Return to two-year state budgets may come back in style
Every once in a while an old idea becomes new again. It seems our never-ending quest for things new and original occasionally gives way to a desire for something old and familiar. In clothing for example, the hottest trend is to pay excessive amounts of money for retro sports jerseys. Sales of Chuck Taylor canvas all-star sneakers have skyrocketed to the point Nike went out and bought the company. The old has become new again.
So it is with state government that the idea of returning to the old two-year budget cycle is experiencing somewhat of a renaissance. The concept was abandoned in the late 1950s in favor of the current one-year fiscal cycle to allow the commonwealth to more quickly adapt to changing financial tides.
The one-year fiscal cycle has worked reasonably well up until now. Although those of us who think skyrocketing state spending is a problem will argue it hasn’t brought about any discipline when it comes to the expenditure of our hard earned money.
This year has been different. Governor Ed Rendell was late presenting his proposed budget then tried to trick the legislature into approving a number of massive new spending programs. He advanced a fake budget filled with painful cuts and inadequate funding thinking the General Assembly would reject it. Republicans, with more experience in legislative maneuvering, quickly passed the Governor’s fake budget. Rendell then vetoed funding for public education thinking that would force Republicans back to the table. But, the Jersey shore beckoned and the stalemate continued.
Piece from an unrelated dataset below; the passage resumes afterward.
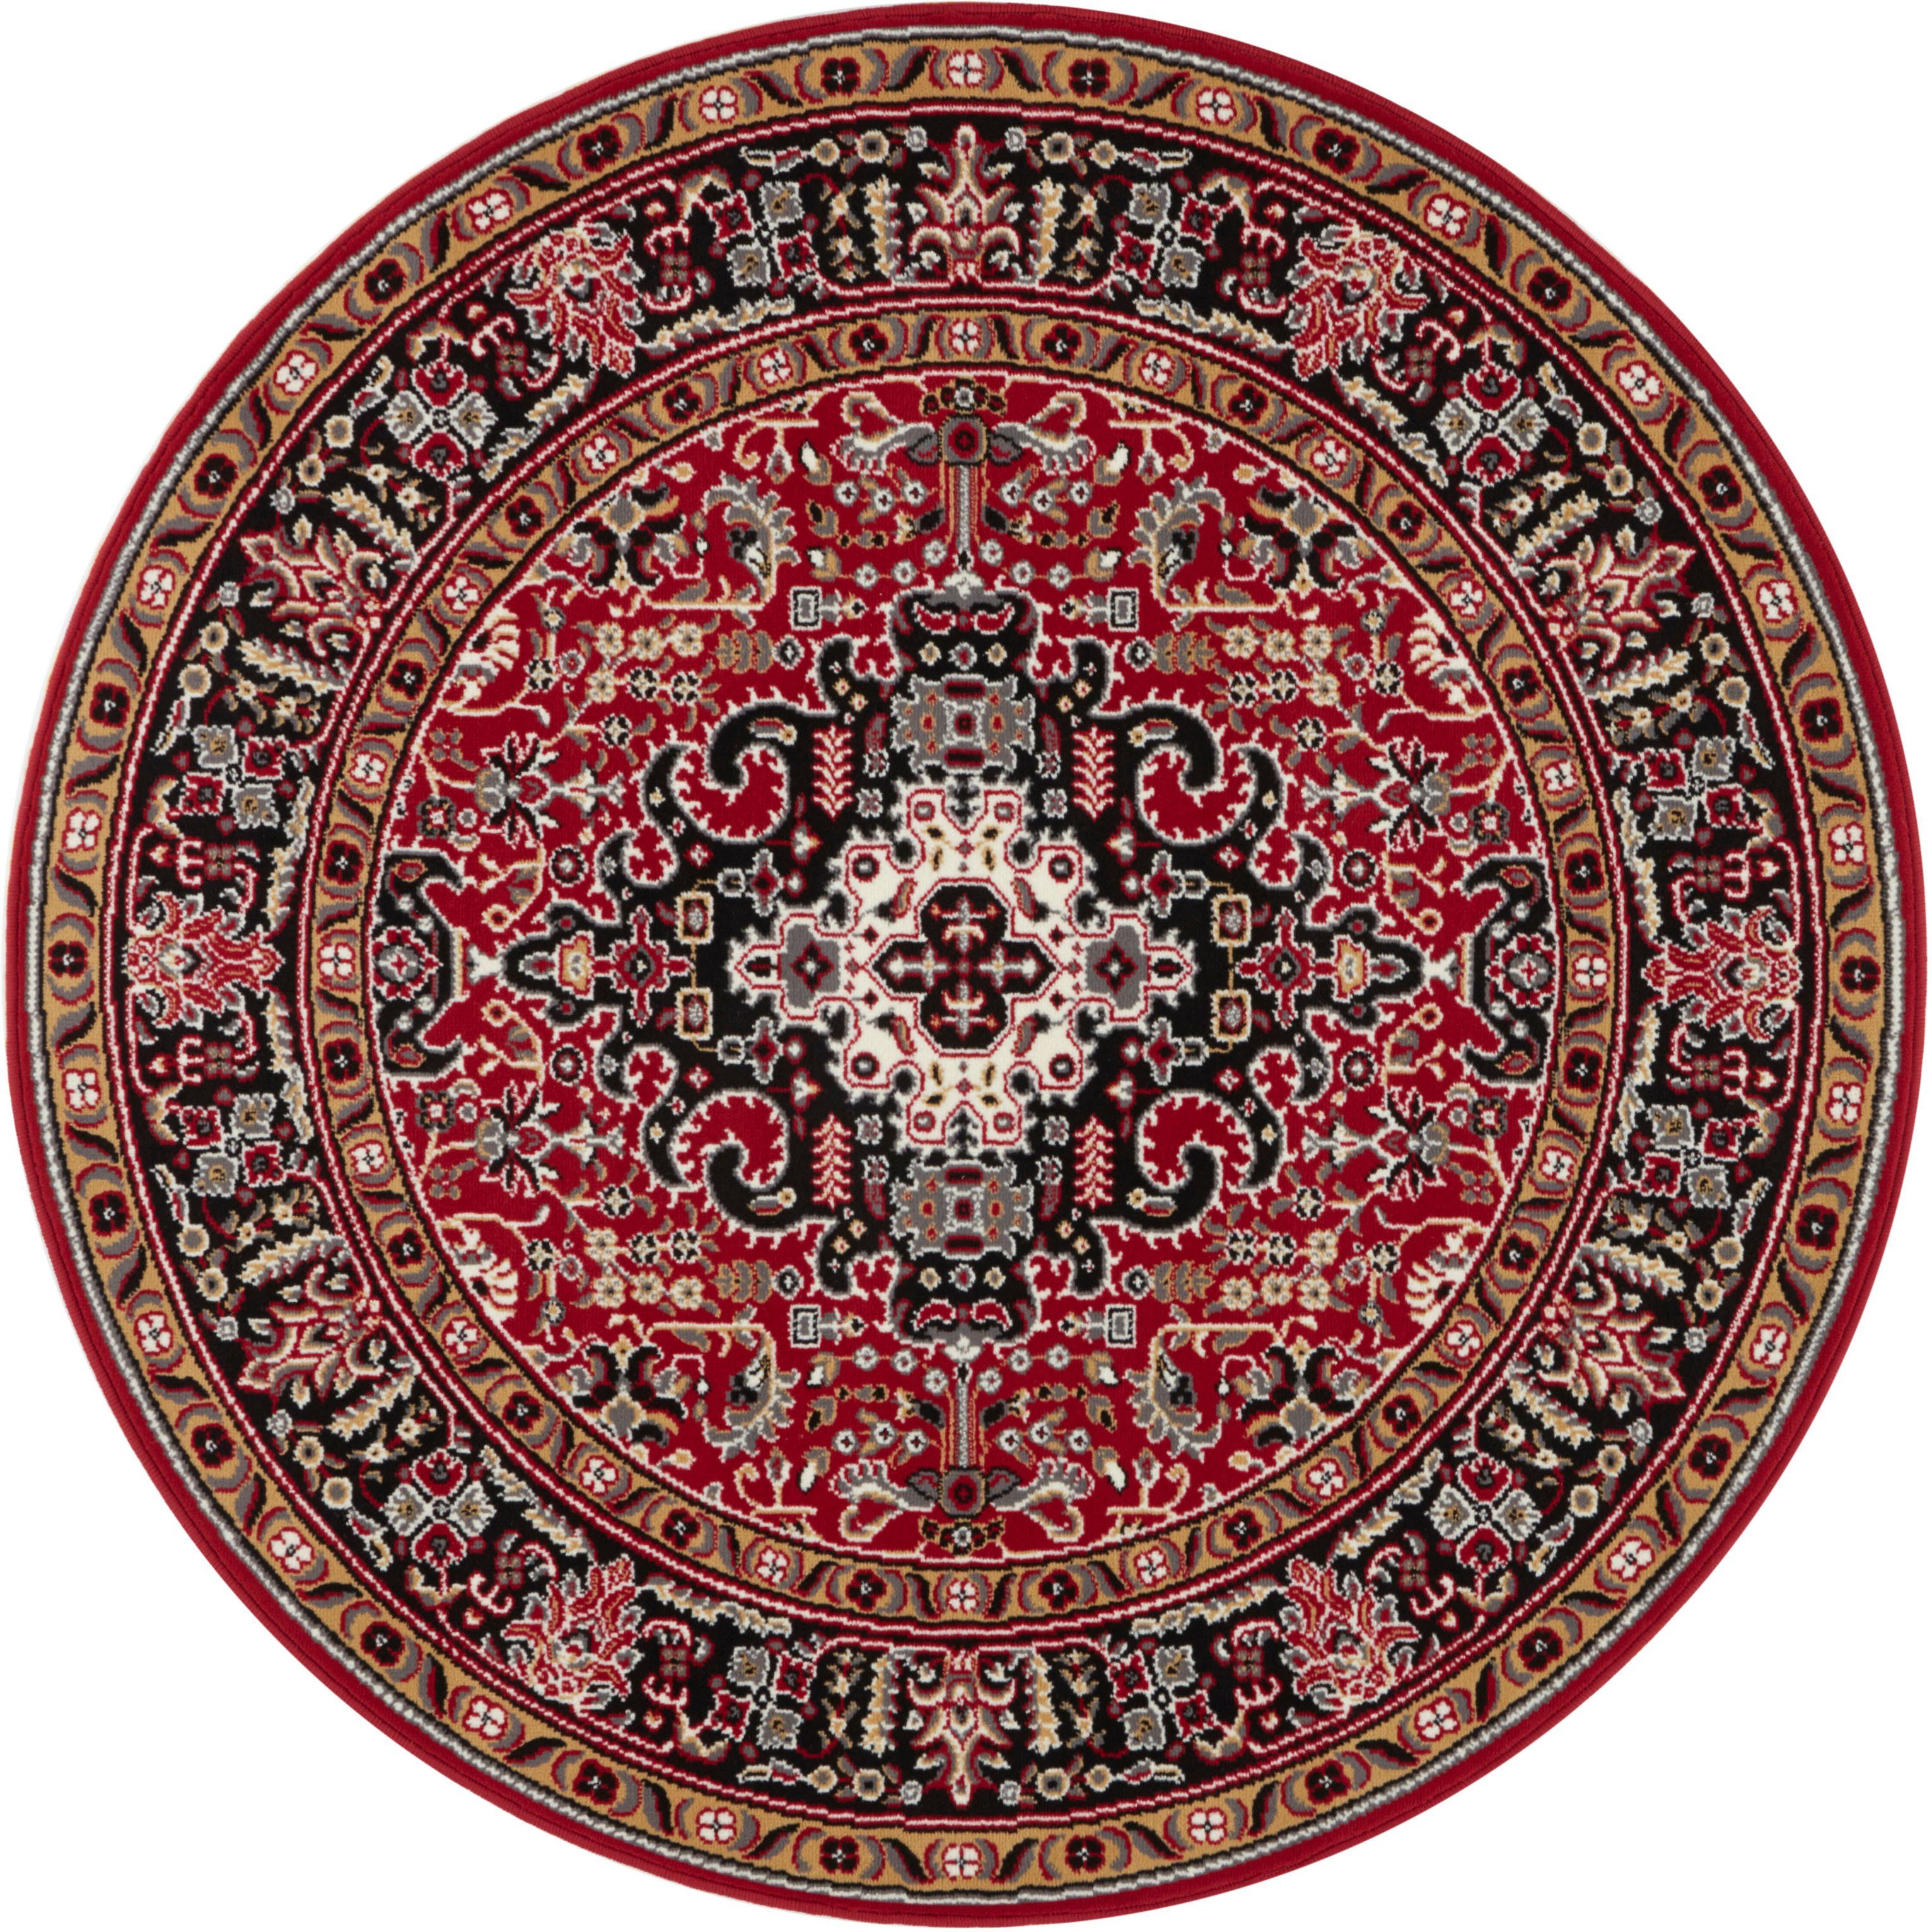 Klassiek vloerkleed rond Skazar Isfahan - rood/zwart 160 cm rond

So, here we are. Labor Day is past, school bells have rung, and for the first time in anyone’s memory the state still doesn’t have an education budget, school districts are scrambling for interim financing, and gridlock has gripped the state capitol.
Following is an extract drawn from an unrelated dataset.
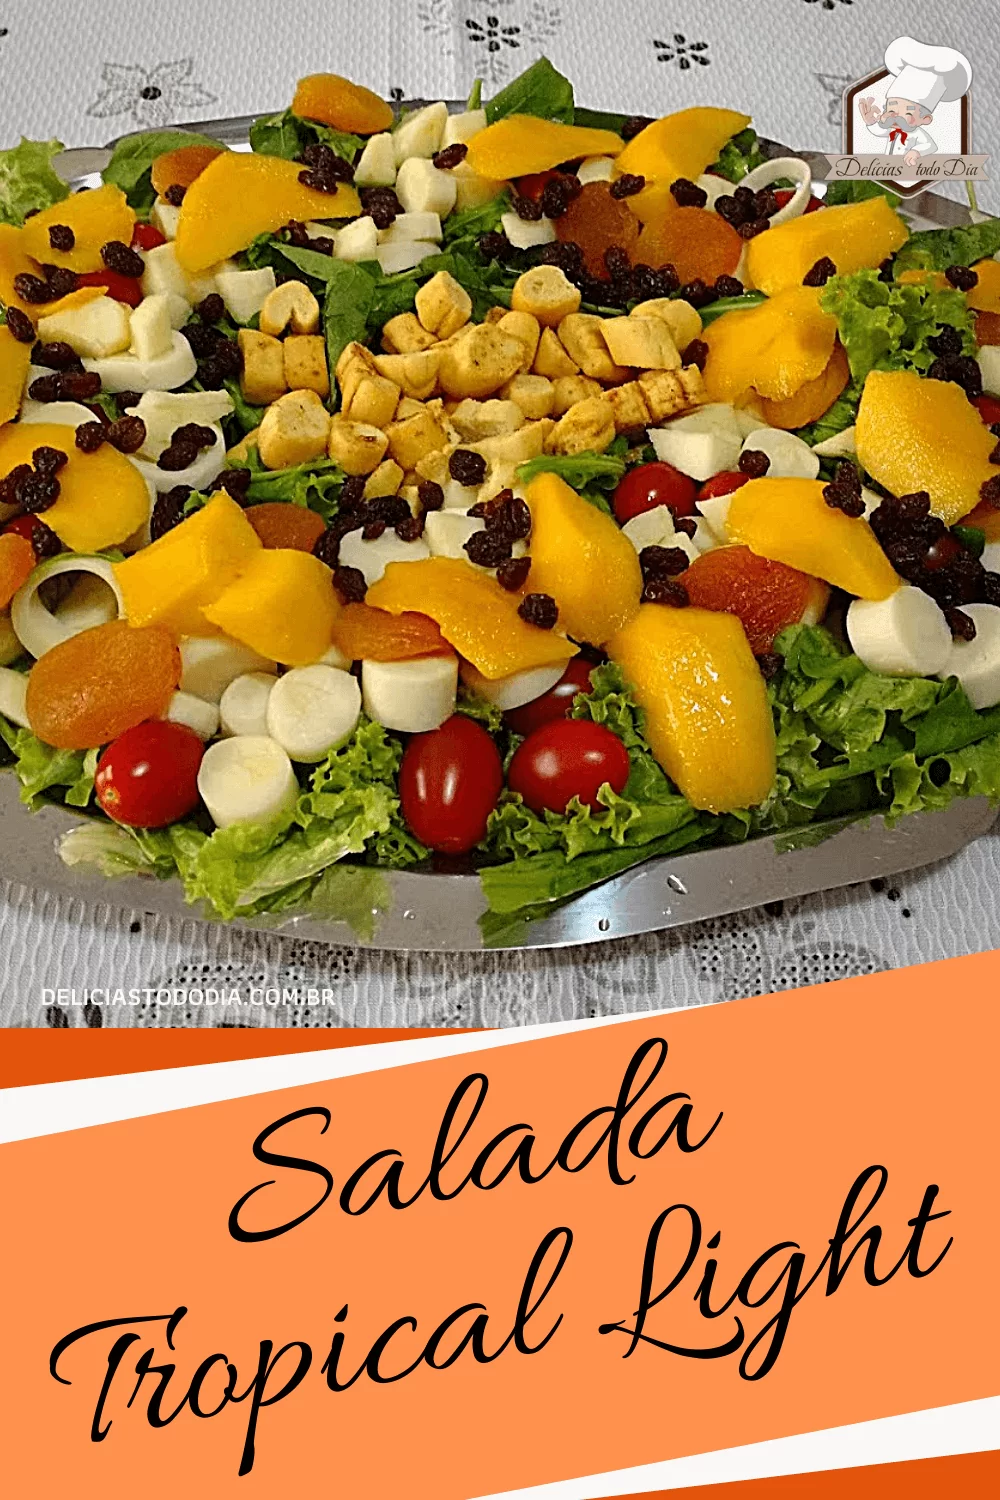 Salada Tropical Light | Delícias Todo Dia

Much of this, of course, is politics. But keep in mind this is not a legislative or gubernatorial election year – so if it is this bad now, imagine how difficult consensus will be to achieve when elections are just around the corner. So long as Pennsylvanians elect a Governor of one party, and a legislative majority of the other, such stalemates are inevitable.
The unique way the Pennsylvania legislature does business also nurtures gridlock. Real negotiating and real decisions are made by a handful of legislative leaders. The only influence most members of the General Assembly have in the budget process comes in fleeting comments during caucus meetings. With so few players involved the ability to form a budget-passing coalition is limited.
In the highly charged partisan atmosphere of Pennsylvania’s state capitol a two-year budget cycle is starting to make sense. If budgets are passed at the beginning of each two-year legislative session that would free legislators to focus more on long-term issues and planning. Perhaps we might even find we don’t need two-year legislative sessions.
From a financial standpoint, it would provide some stability for both taxpayers and tax-funded organizations to have some predictability in state taxation and spending. School districts, for example, would know the level of state subsidies far in advance of approving their own budgets and could make local spending decisions accordingly.
Like those retro jerseys and sneakers, two-year budget cycles may be something that was better than the new and improved version.